Ce matin, commentaire d’un qui se rend sur les rond-points depuis le début et qui s’apprête à cesser, devant la montée très forte d’une présence des droites extrêmes qui se font leur beurre de toutes les misères du monde et ne demandent qu’à faire baver “le peuple”, comme toujours.

*Simone de Beauvoir, Lettres à Nelson Algren, traduite de l’anglais et annotée par Sylvie Le Bon de Beauvoir, Folio, Gallimard 1997.

Guacarada –

Page 142. We are in November 1947 and the little frog is still crying tears of happiness over the love she vows her oh-so-kind crocodile man. You exercise forbearance, telling yourself you probably babbled even more foolish things in the throes of passion’s first assaults. And as Les lettres à Nelson Algren runs close to one thousand pages, you can hope that the “beloved husband” stage will give way to other more interesting topics.

Personally, I cried for other reasons last night.

I had gone to the information session organized by the local yellow jackets, in order to have a clearer idea of their demands. I saw sincere people there, many of whom I know personally. Folks who slog their way through hard times that never end and who have had enough of hearing contemptuous leaders feed them hogwash. Not only do I understand them, but I know a chapter or two on the matter of slogging myself.

But… who is providing the leaflets and the stickers? Who designed and printed their logo? Who writes their press releases? Who puts everything in place in order to recuperate all this misery? Last night, the spokesperson kept correcting the folks talking about their “grievances”. “No”, she said. “They are not grievances. Grievances are complaints. We have demands.”

Fine. But the discourse quickly bumps into its two limits. The first: the purely economic nature of the griev…sorry, the demands. Secondly: the dilemna surrounding the delegation of power.

Whether consciously or not, the movement carries a huge disaffection with so-called representative democracy in which “the people” are called to express themselves once through the ballot box, then to clear the way for their so-called representatives, under threat of truncheons, serious injuries or even death, if they refuse. But who will organize and manage a real participatory democracy? A huge problem. Judging only by last night’s small assembly, every political color and tendency was on display – truly a Gracarada, just  like the composite beast illustrating this text.
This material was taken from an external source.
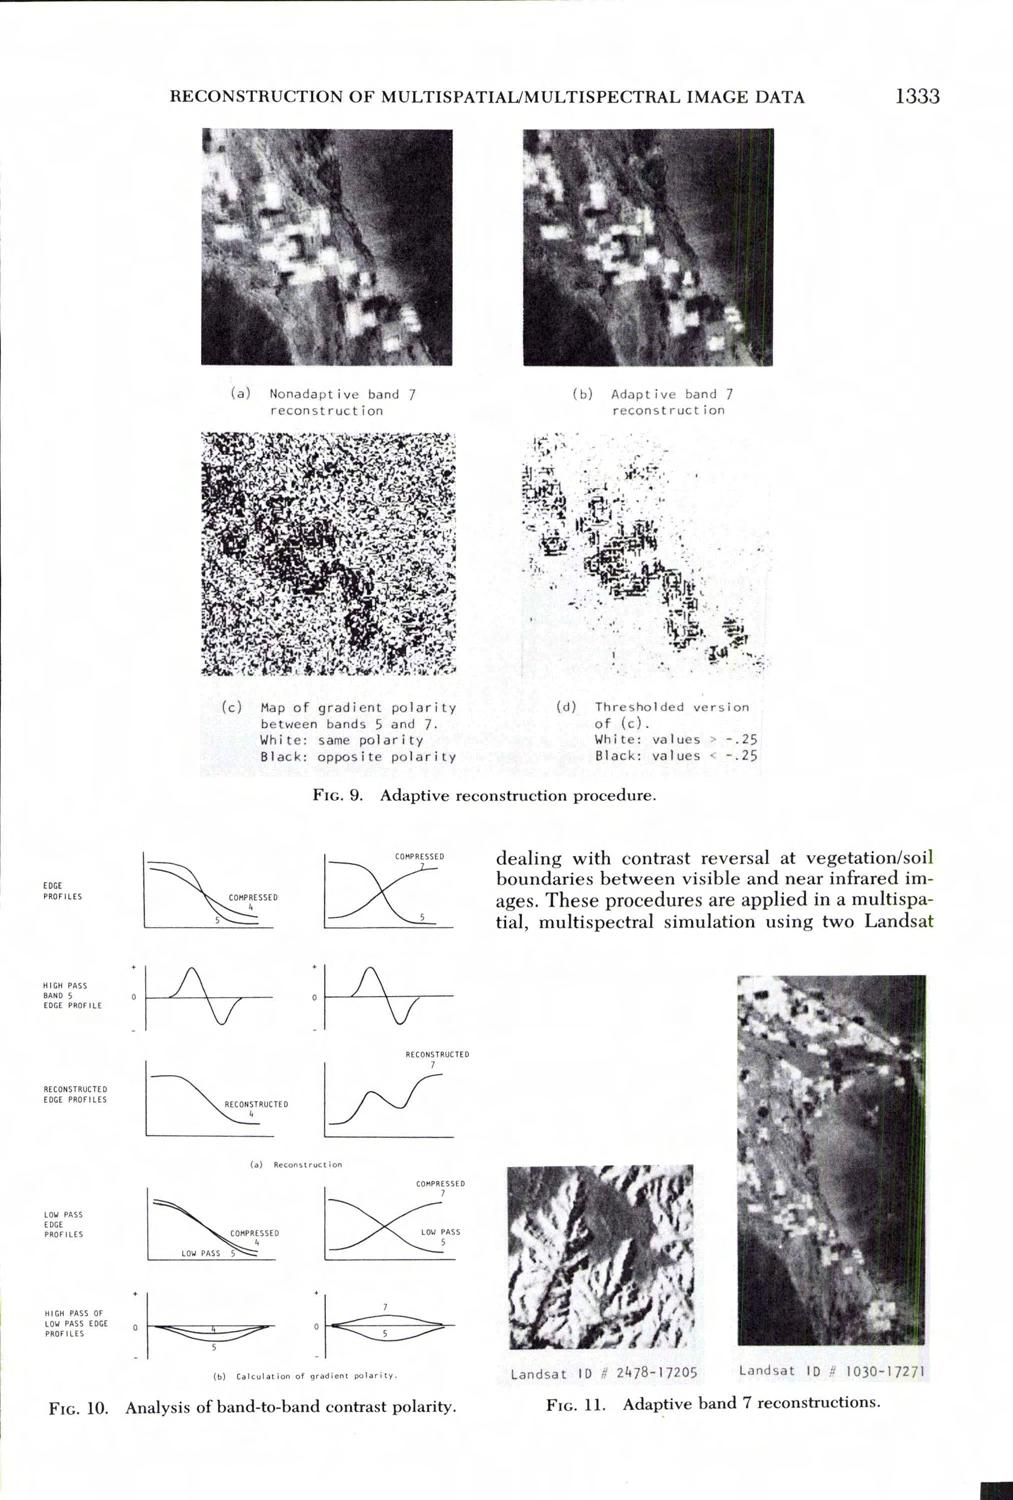 RECONSTRUCTION OF MULTISPATIAL/MULTISPECTRAL IMAGE DATA (a) Nonadaptive band 7 reconstruction (b) Adaptive band 7 reconstruction (c) Map of gradient polarity between bands 5 and 7.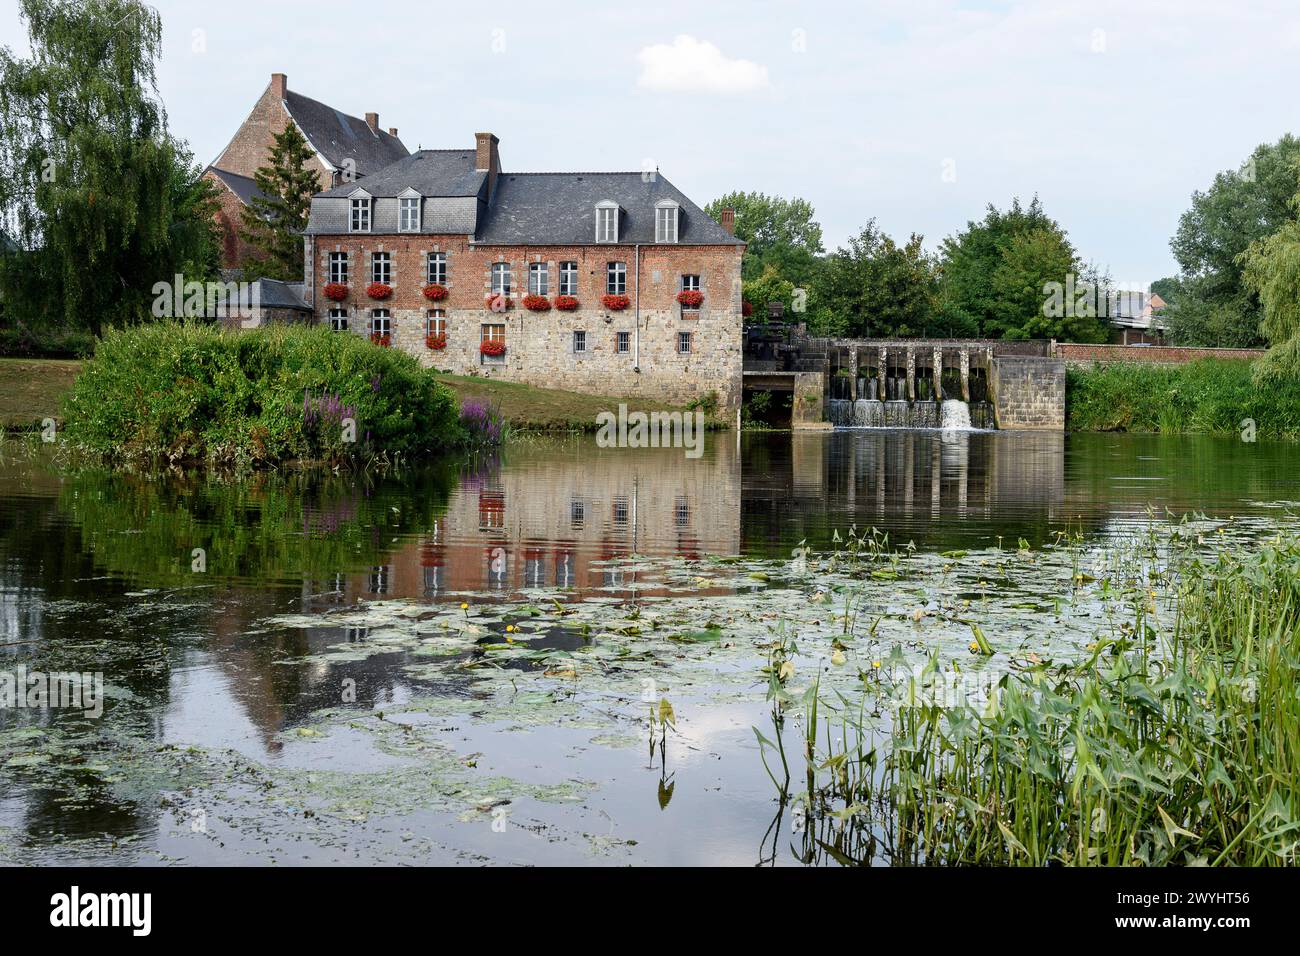 Village de Maroilles dans l'Avesnois. Moulin de l'abbaye |  Maroilles village in the north of France. Watermill of the abbey Stock Photo

I walked home in a biting cold wind that drew tears to my eyes. Again, no answers, nothing but a report.  “Right here, we’ve had some wounded and some dead,” the spokesperson said. “We must ensure this was not in vain.” All right. But for what exactly? And for whom? No one could say, whether or not they replaced the word “grievances” by “demands”.

This morning, a comment from one who’s been on the roundabouts since the beginning and who is about to stop, faced by a strong upsurge from the extreme right wings, profiting as usual from every misery in the world and ready to stick it to the people in the same old ways as ever.